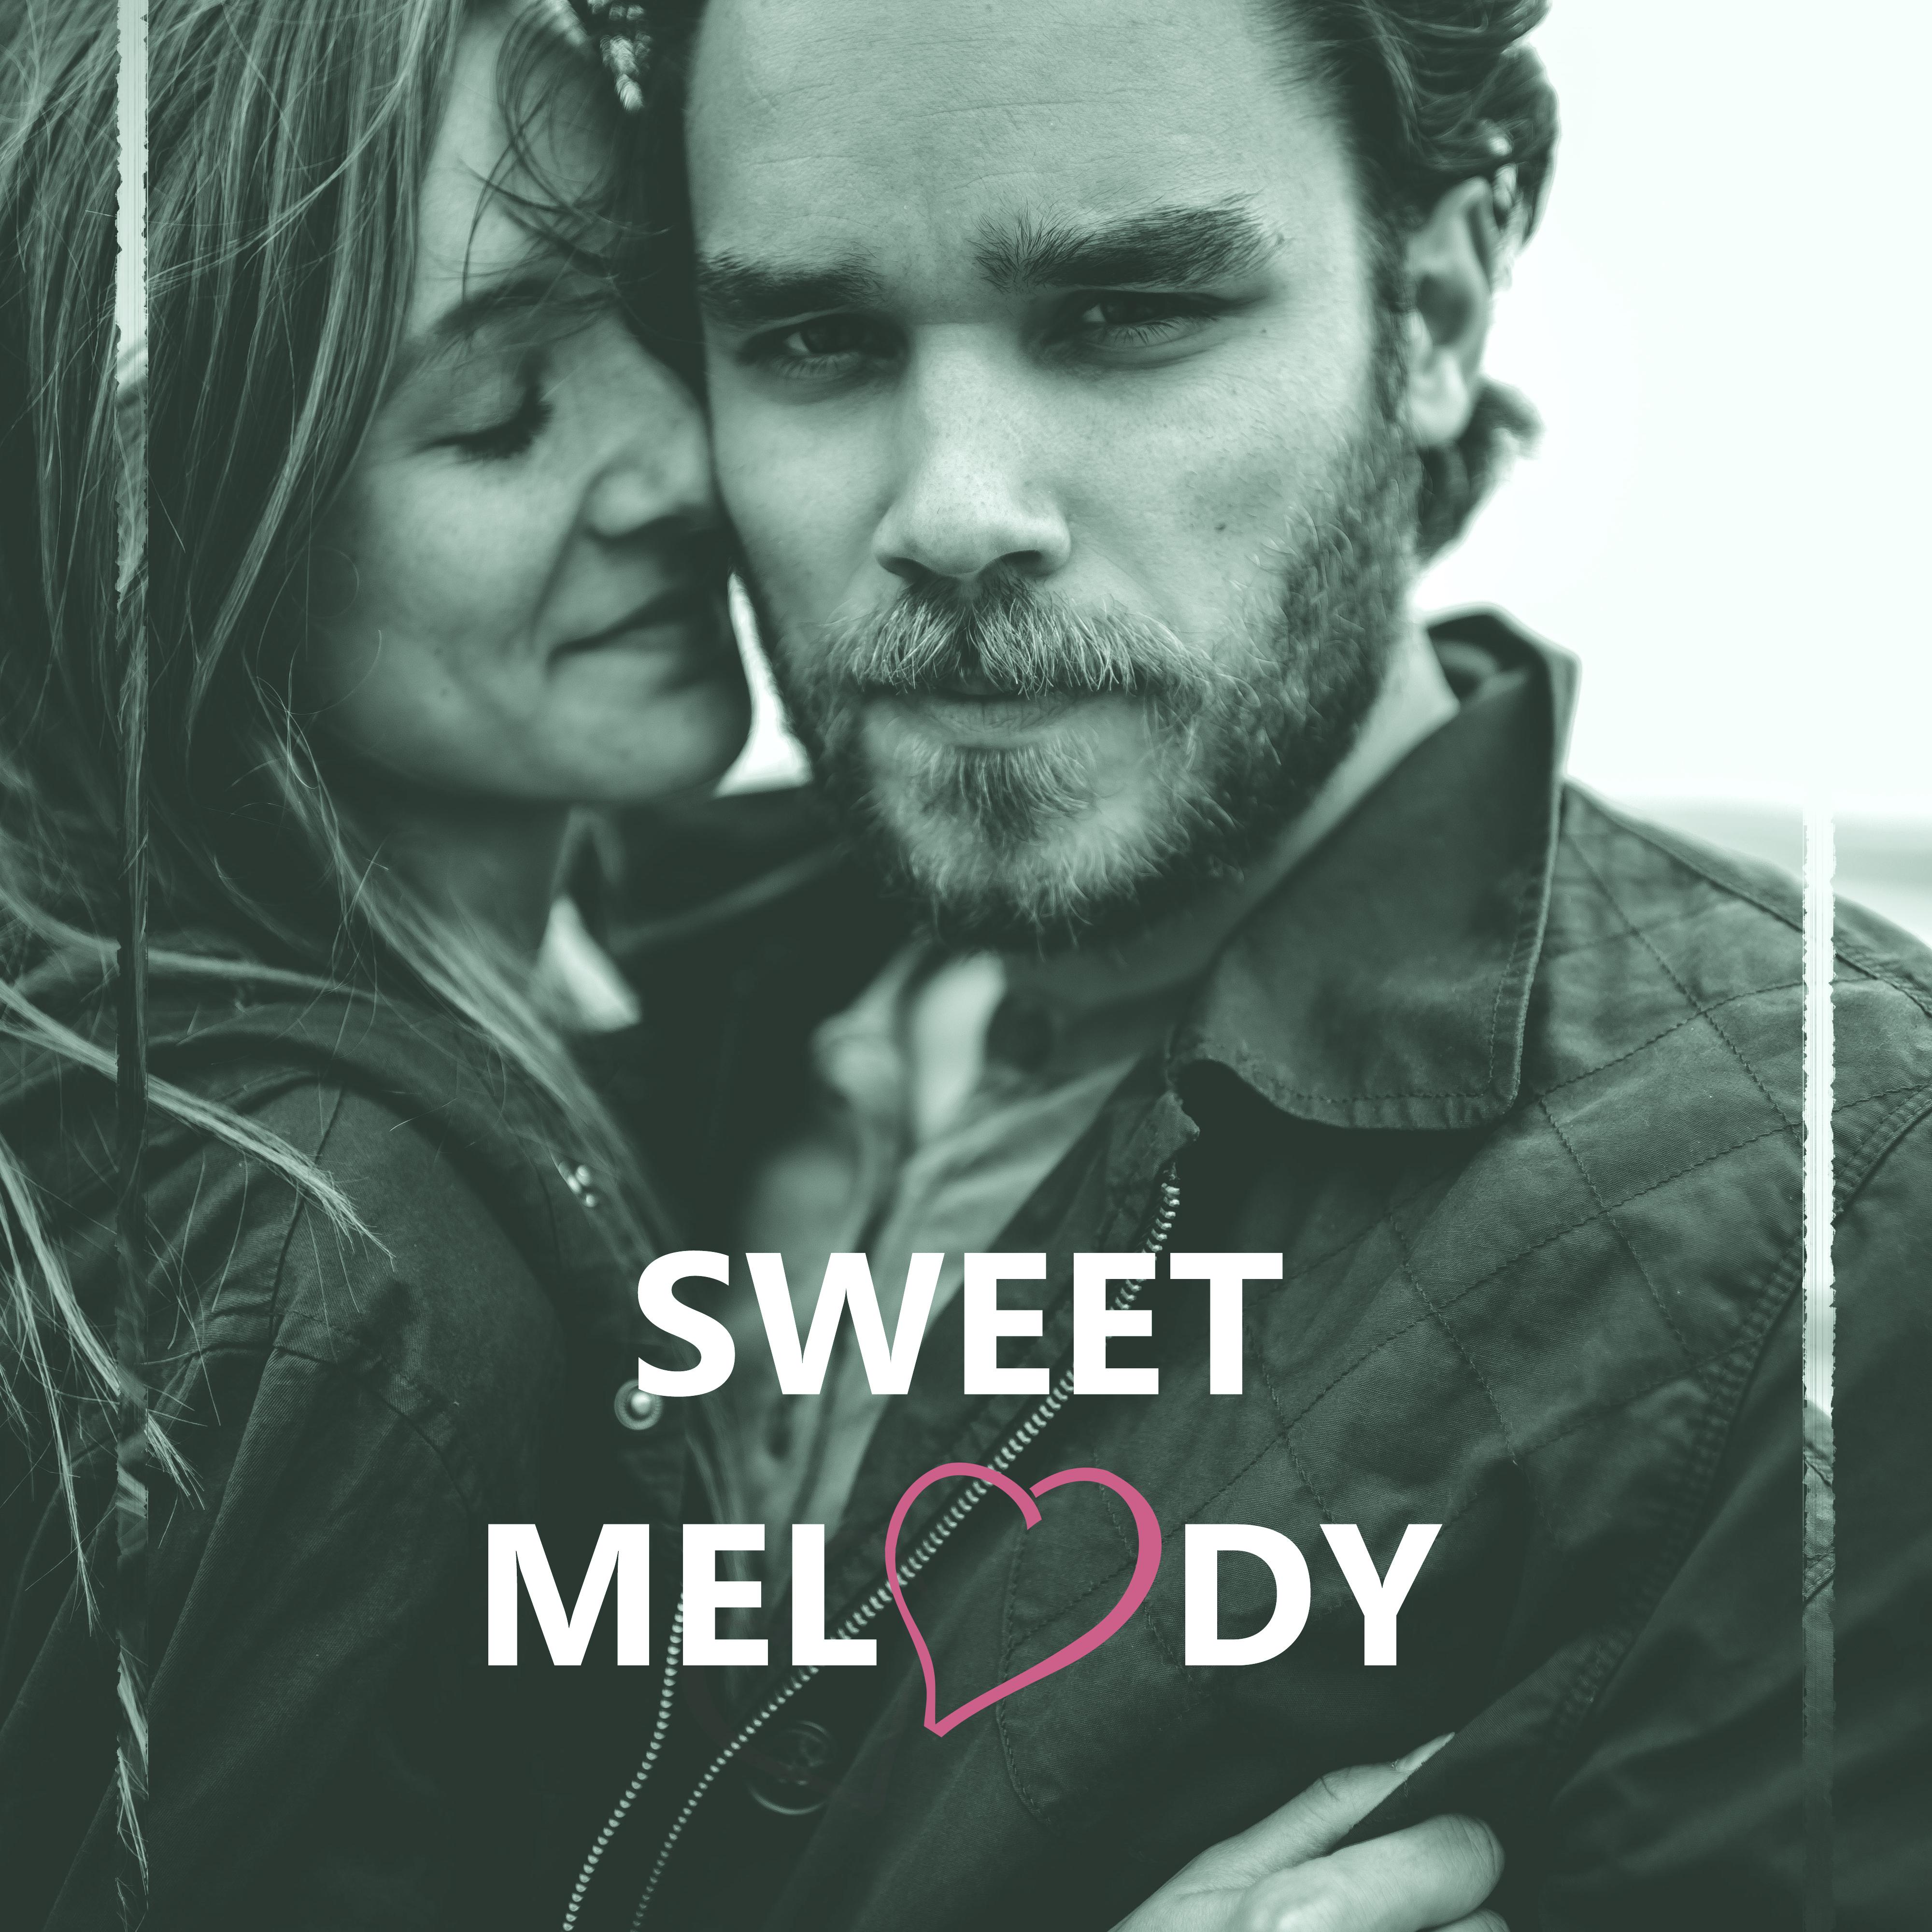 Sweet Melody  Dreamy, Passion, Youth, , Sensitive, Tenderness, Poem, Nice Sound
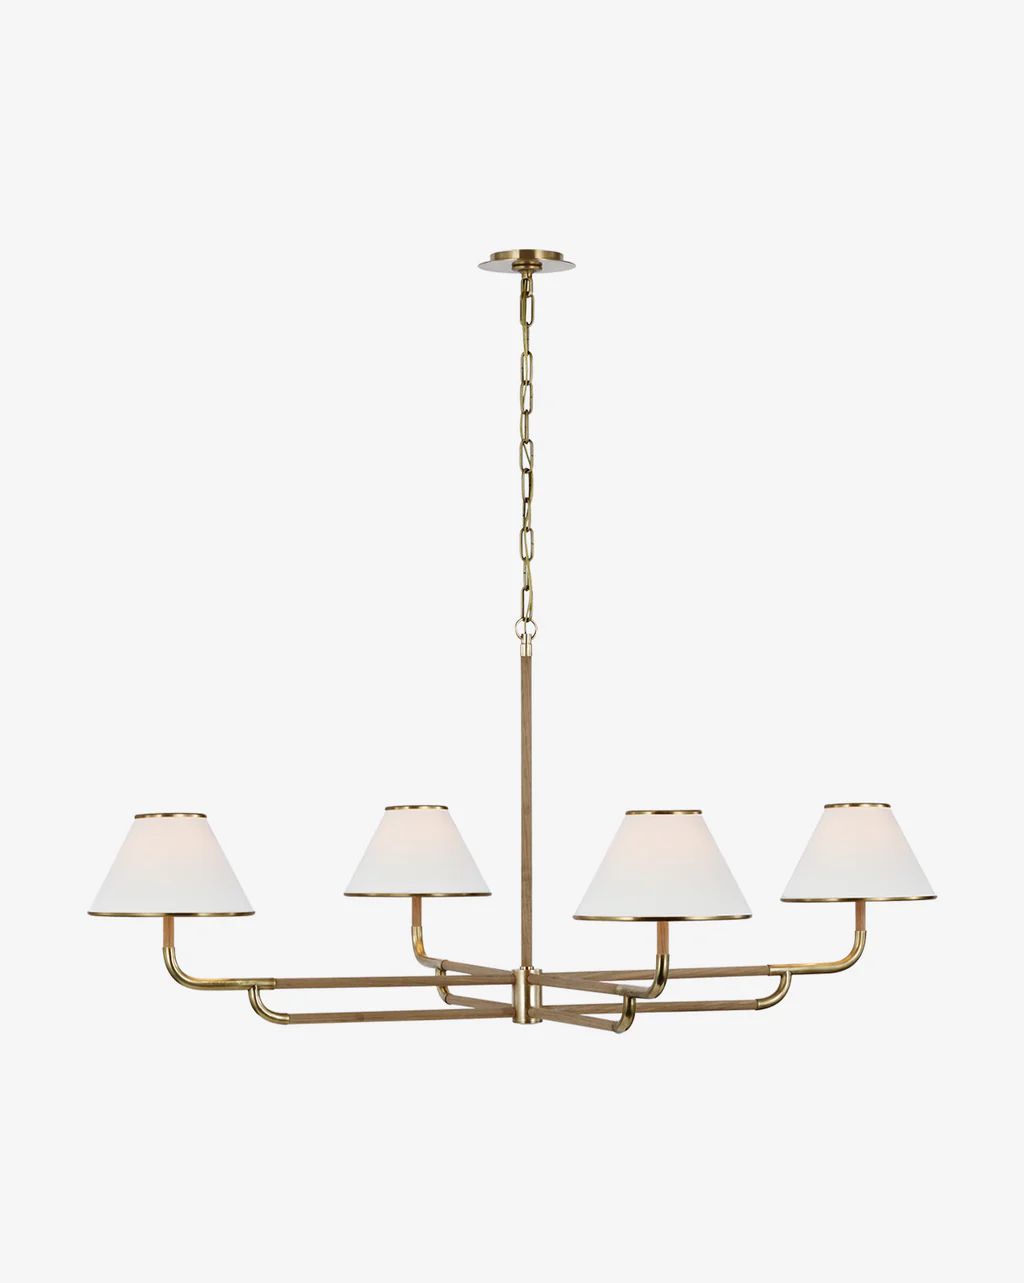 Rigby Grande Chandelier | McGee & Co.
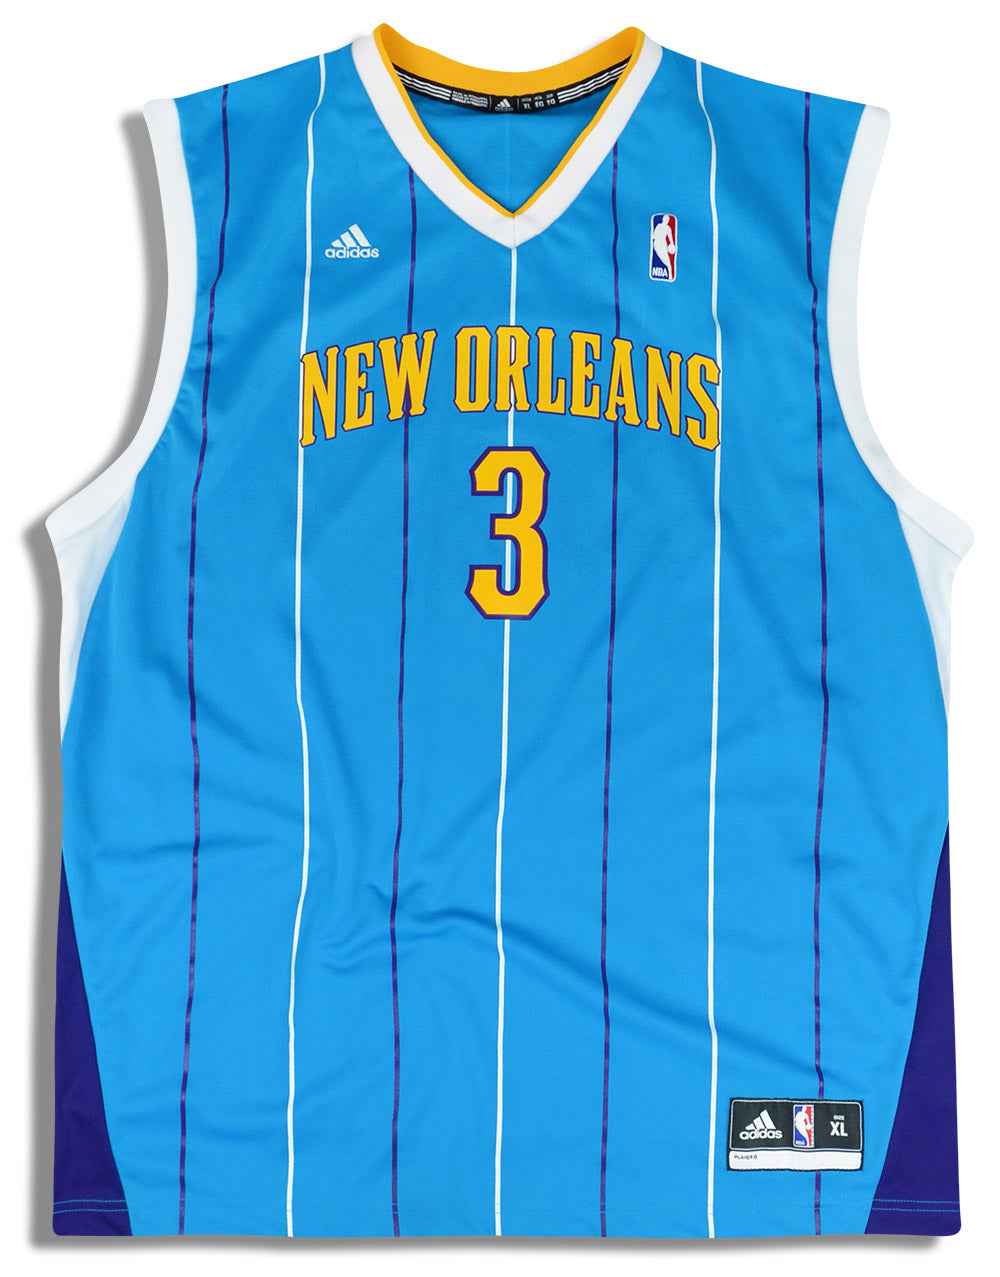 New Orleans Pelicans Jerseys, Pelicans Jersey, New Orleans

= = = = = = =

Aim of the exercise »
Copy every line of the data word for word, omitting the images.

Your response »
 Sweet Melody  Dreamy, Passion, Youth, , Sensitive, Tenderness, Poem, Nice Sound
 Rigby Grande Chandelier | McGee & Co.
 New Orleans Pelicans Jerseys, Pelicans Jersey, New Orleans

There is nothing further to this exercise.